### Provided material:
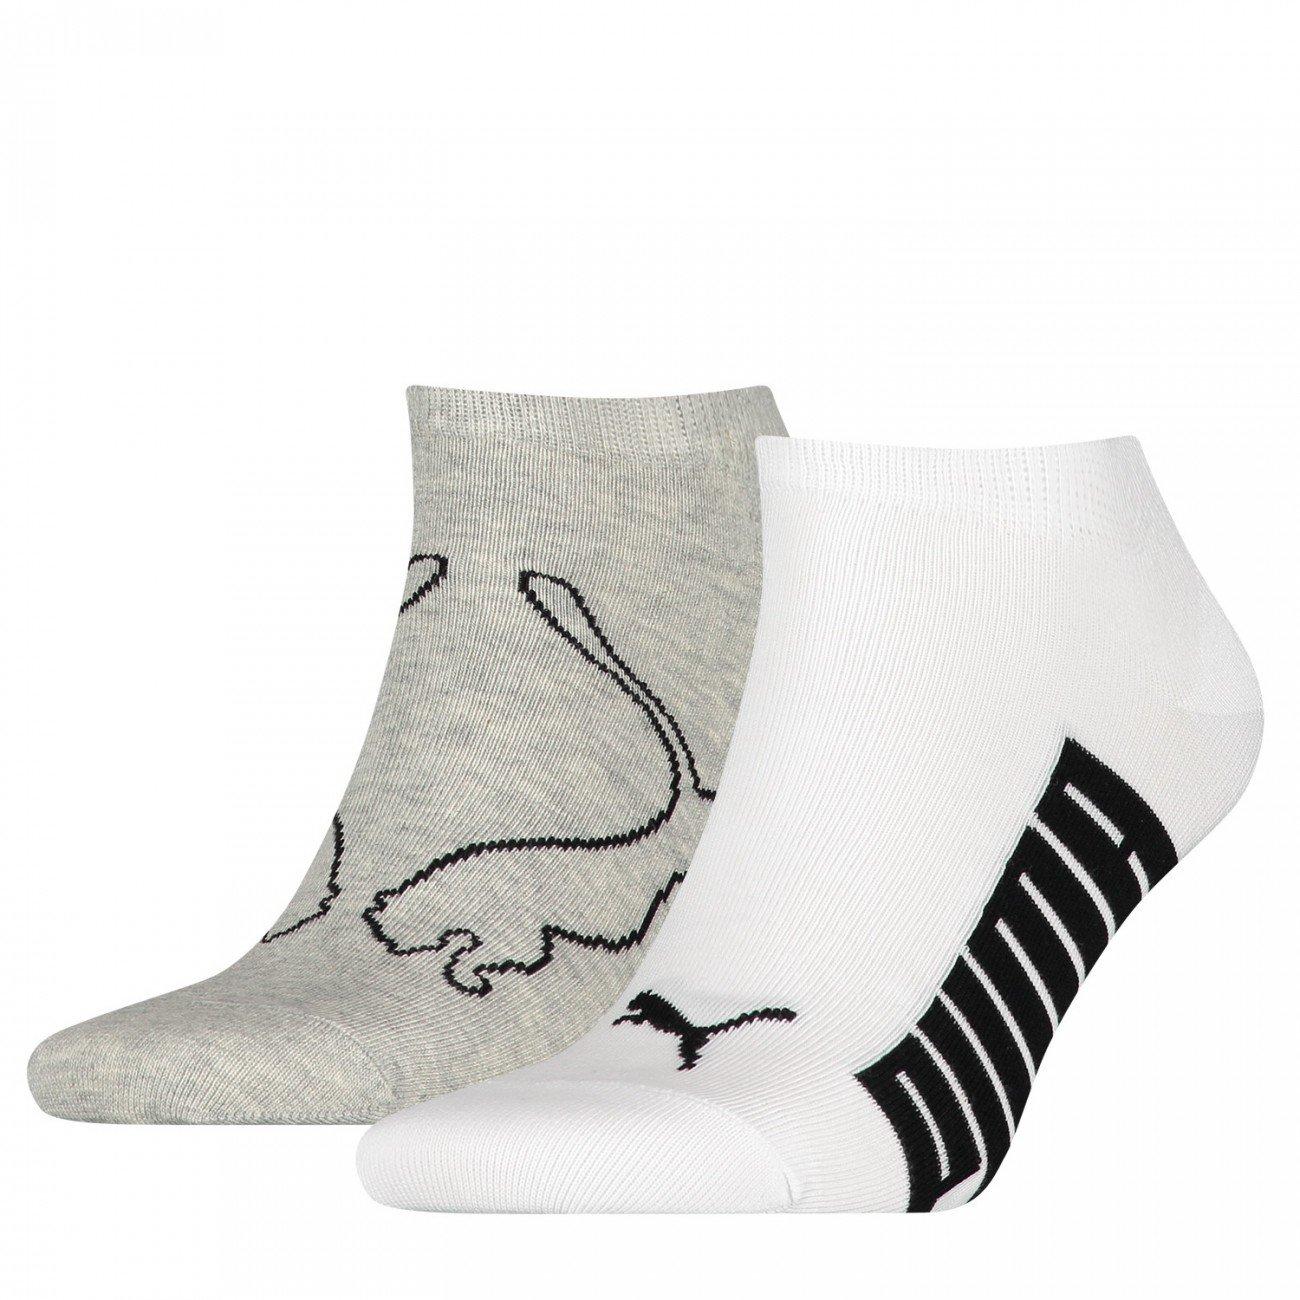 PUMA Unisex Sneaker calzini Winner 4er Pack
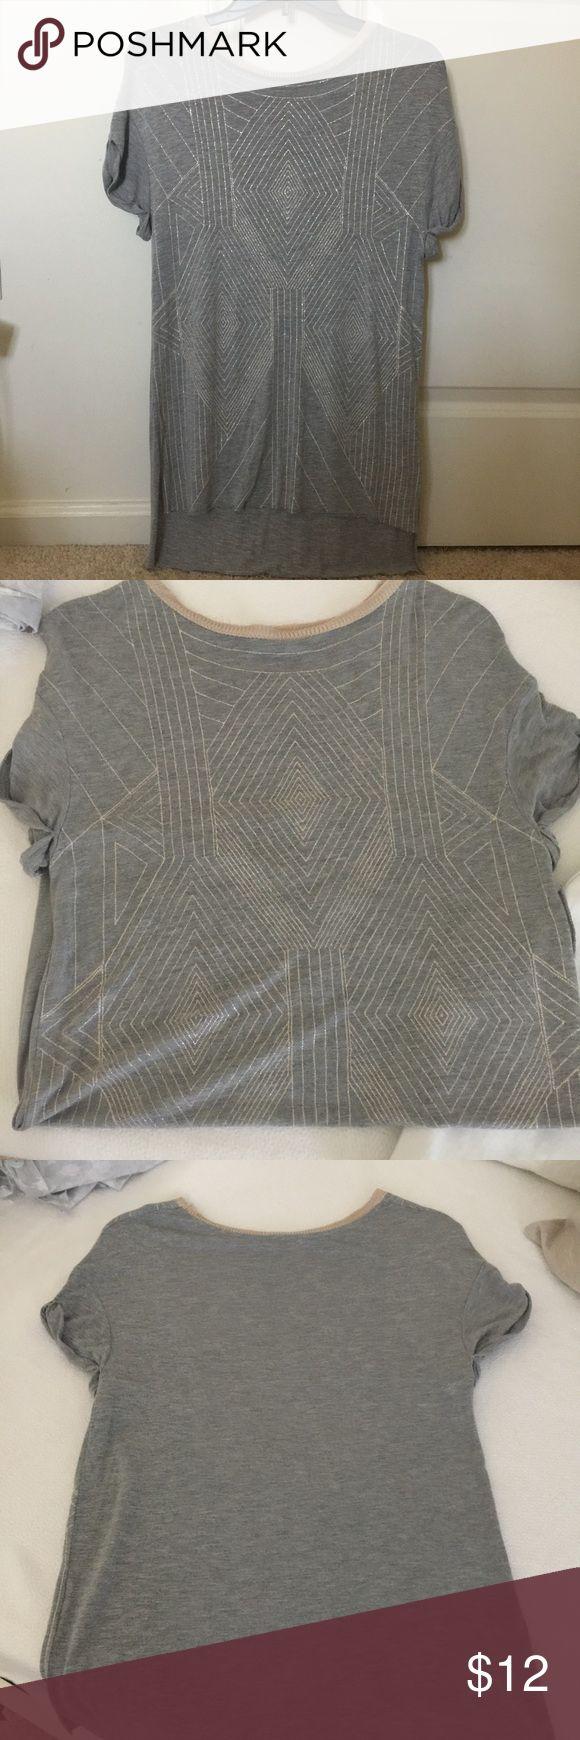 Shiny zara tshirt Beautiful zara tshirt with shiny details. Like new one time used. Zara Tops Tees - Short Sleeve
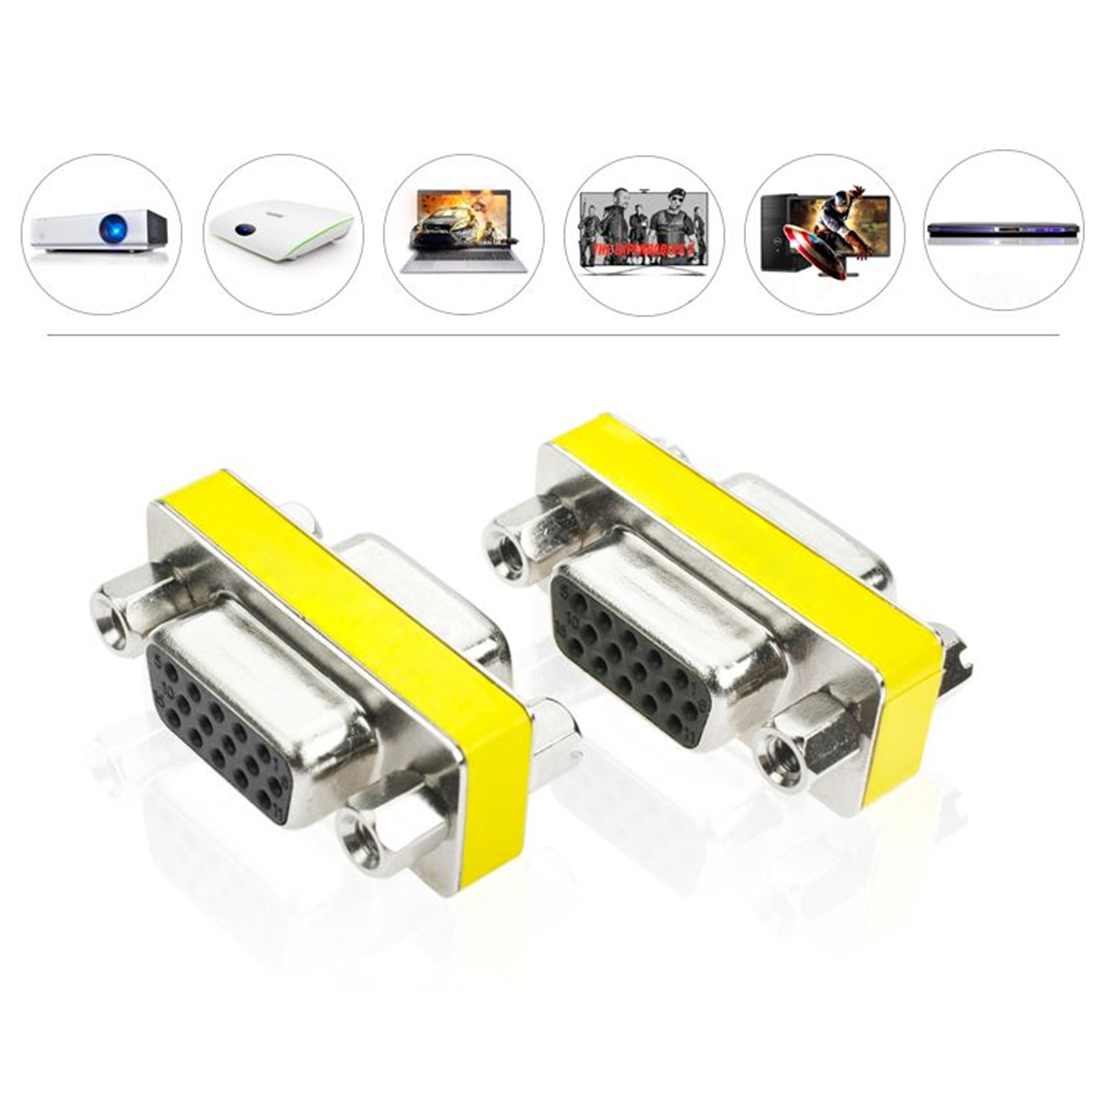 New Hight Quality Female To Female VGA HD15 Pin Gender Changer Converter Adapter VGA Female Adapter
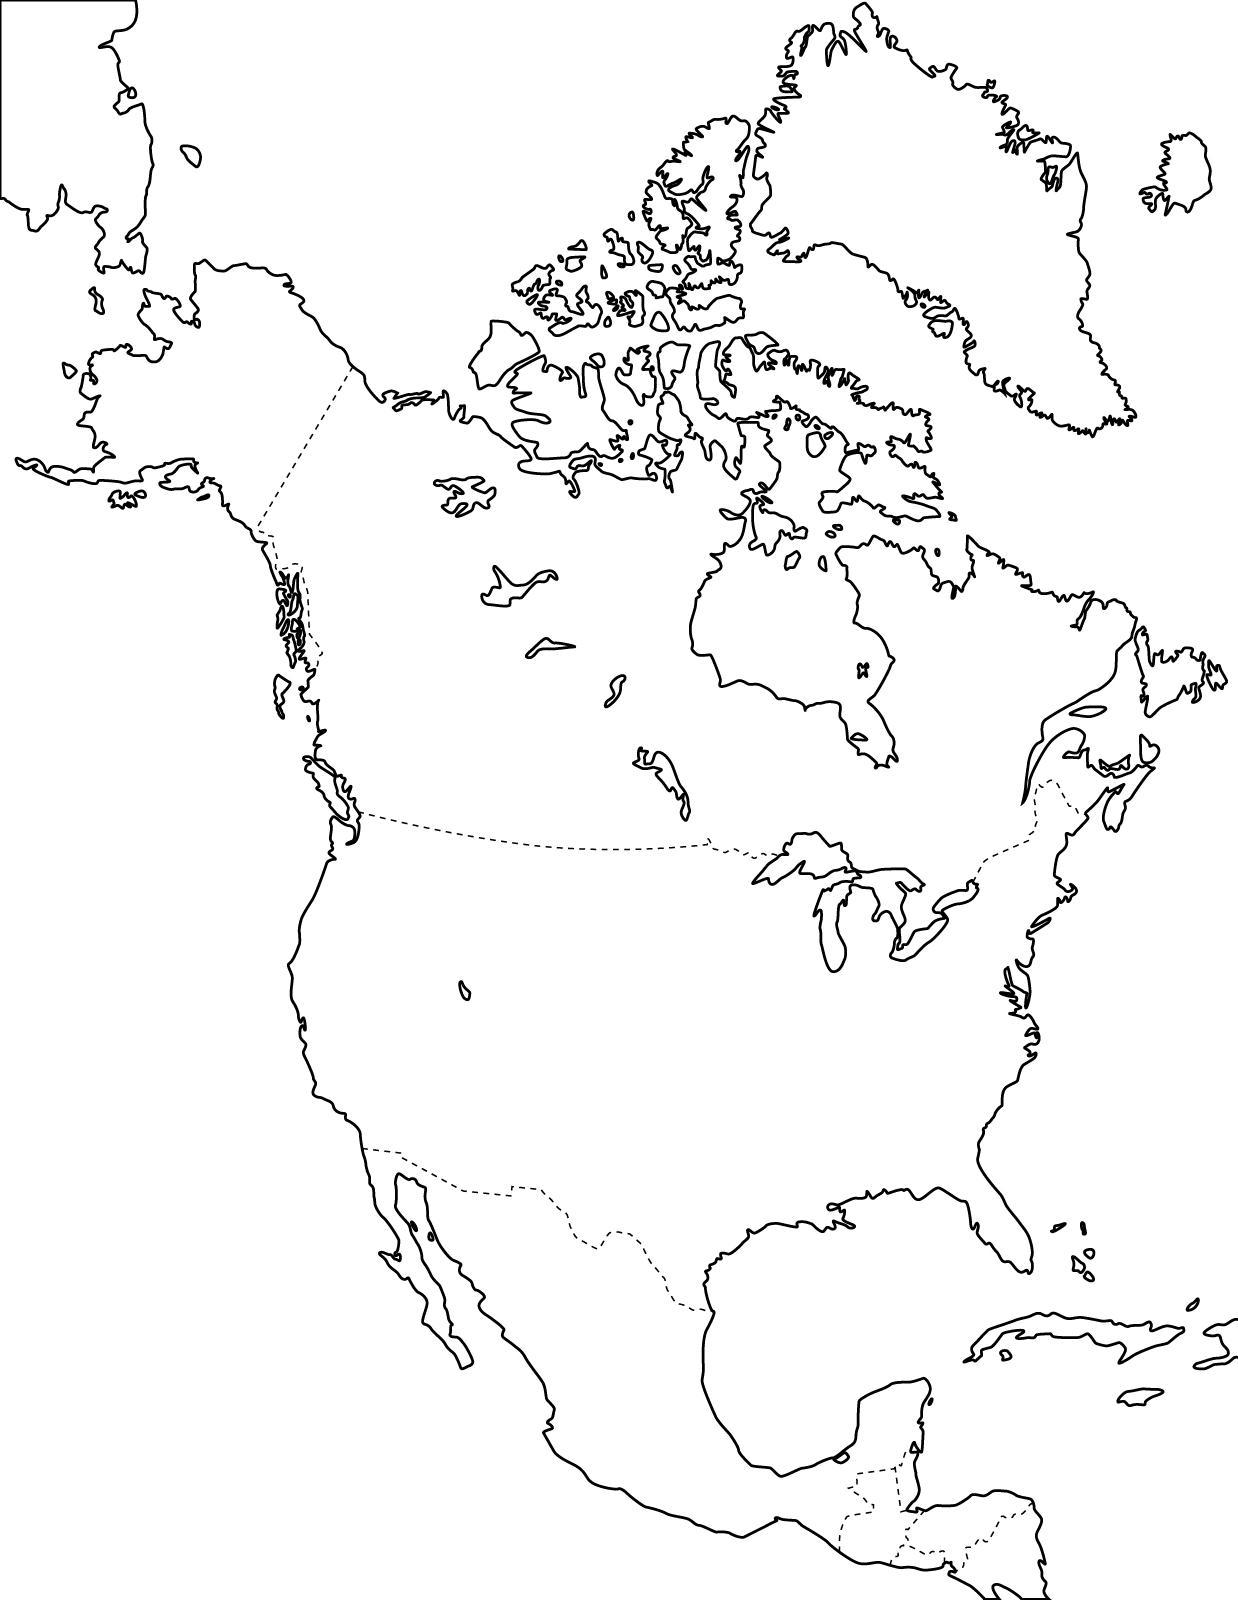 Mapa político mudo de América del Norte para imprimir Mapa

### How to complete this task:
Give back the whole of the material exactly, with the pictures removed.

### Result of the exercise:
 PUMA Unisex Sneaker calzini Winner 4er Pack
 Shiny zara tshirt Beautiful zara tshirt with shiny details. Like new one time used. Zara Tops Tees - Short Sleeve
 New Hight Quality Female To Female VGA HD15 Pin Gender Changer Converter Adapter VGA Female Adapter
 Mapa político mudo de América del Norte para imprimir Mapa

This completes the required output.